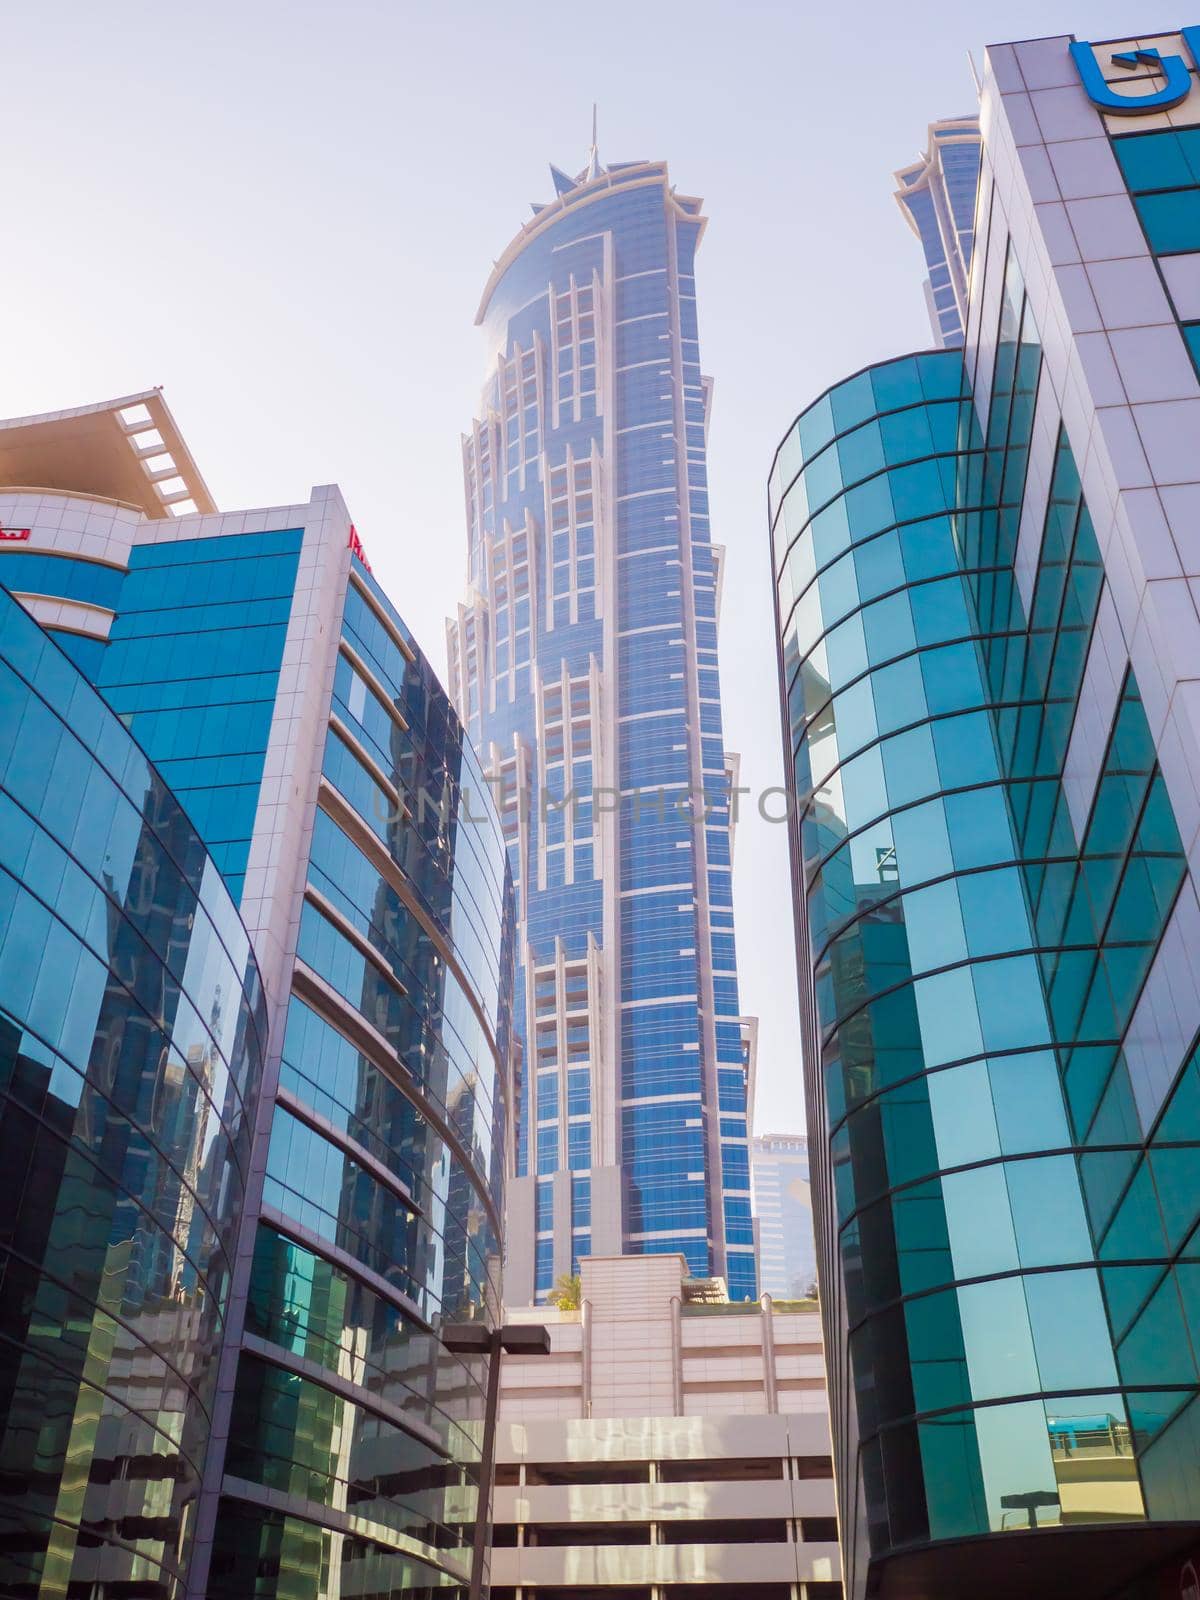 Streets with modern skyscrapers of the city of Dubai
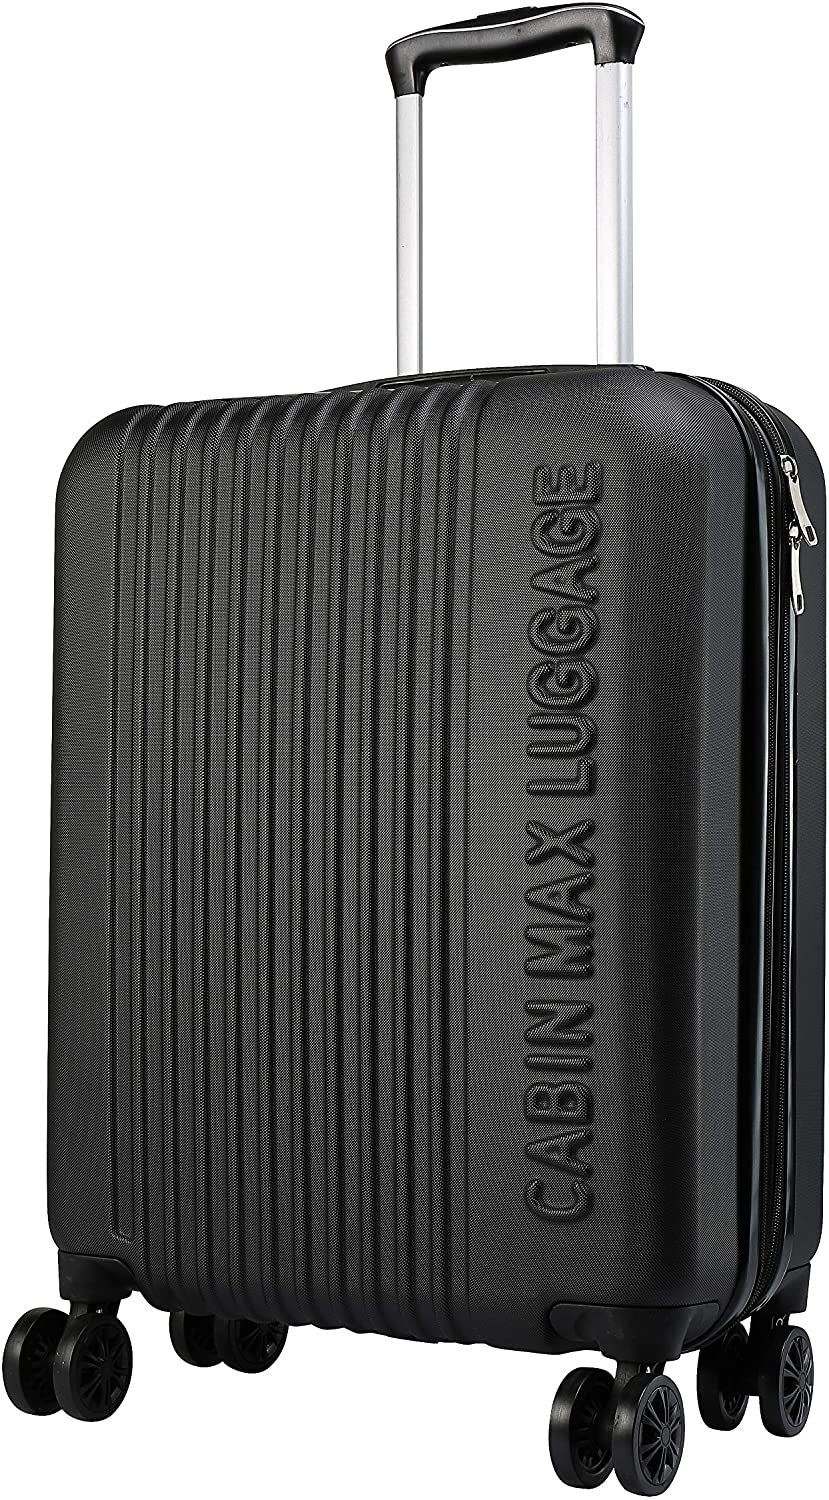 Cabin Max Velocity - Easyjet LARGE cabin luggage
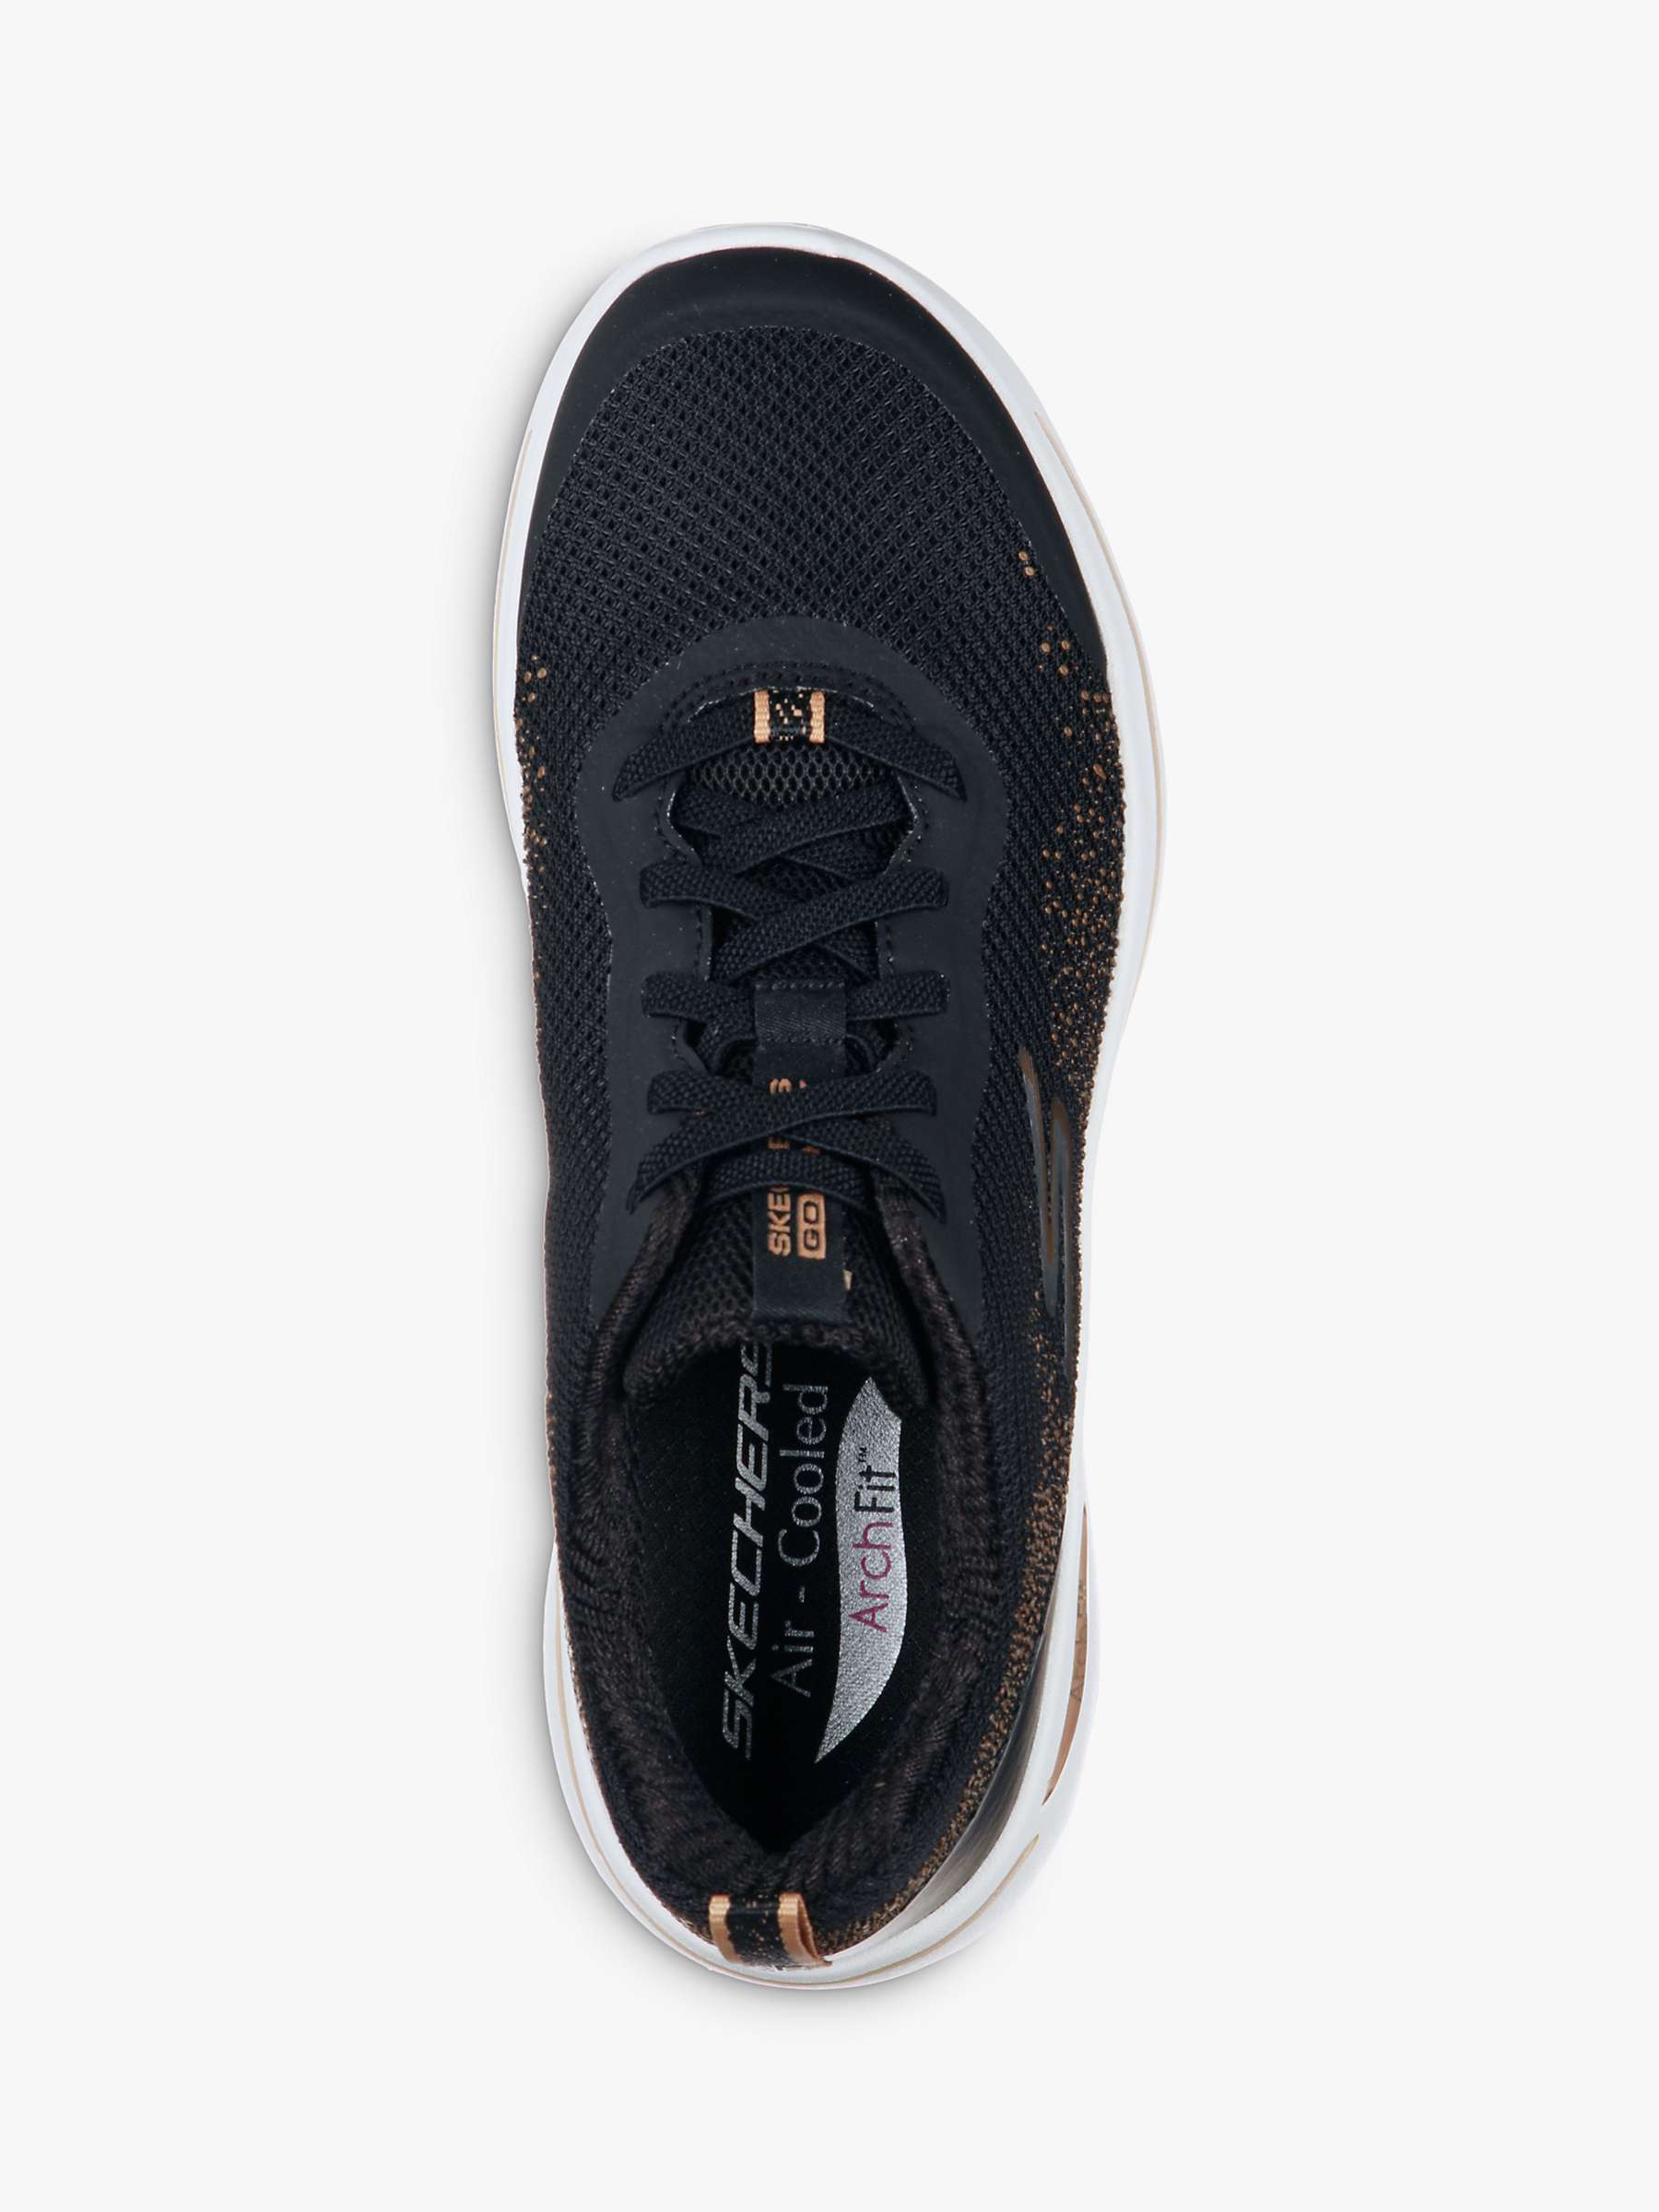 Skechers Go Walk Stars Arch Fit Trainers, Black/Gold at John Lewis ...
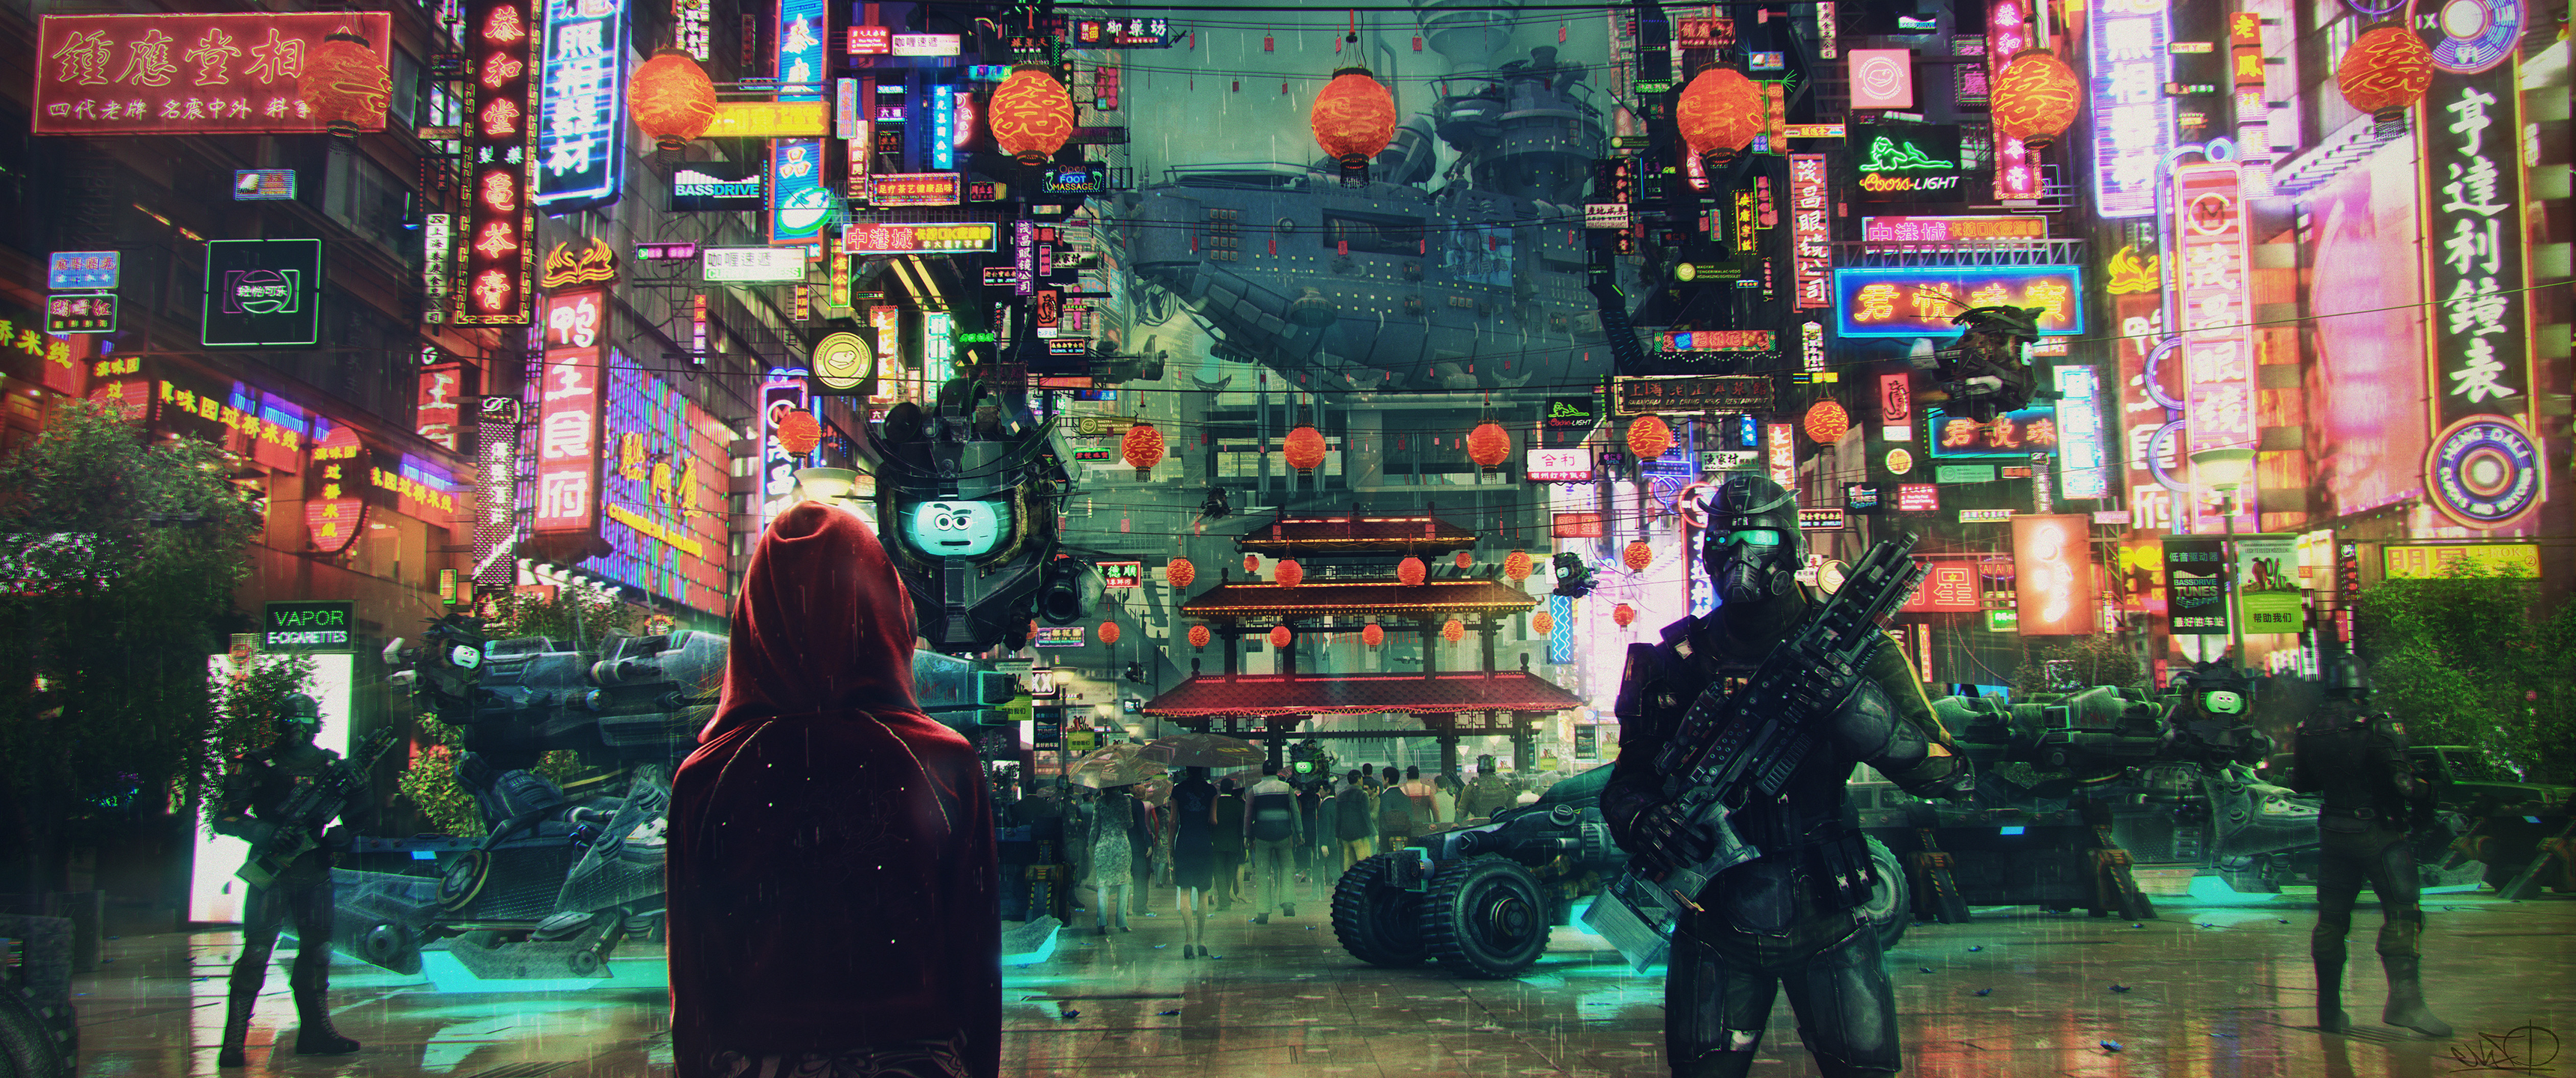 OC] Panopticon Overview - Animated cyberpunk city for ultrawide monitors :  r/wallpaperengine

■ **TASK ITEM**
Quote verbatim the final run of lines in the material above, from the line that contains "Cabin Max Velocity" through the very last line, excluding any pictures.

■ **RESULT OF THE TASK**
 Cabin Max Velocity - Easyjet LARGE cabin luggage
 Skechers Go Walk Stars Arch Fit Trainers, Black/Gold at John Lewis ...
 OC] Panopticon Overview - Animated cyberpunk city for ultrawide monitors :  r/wallpaperengine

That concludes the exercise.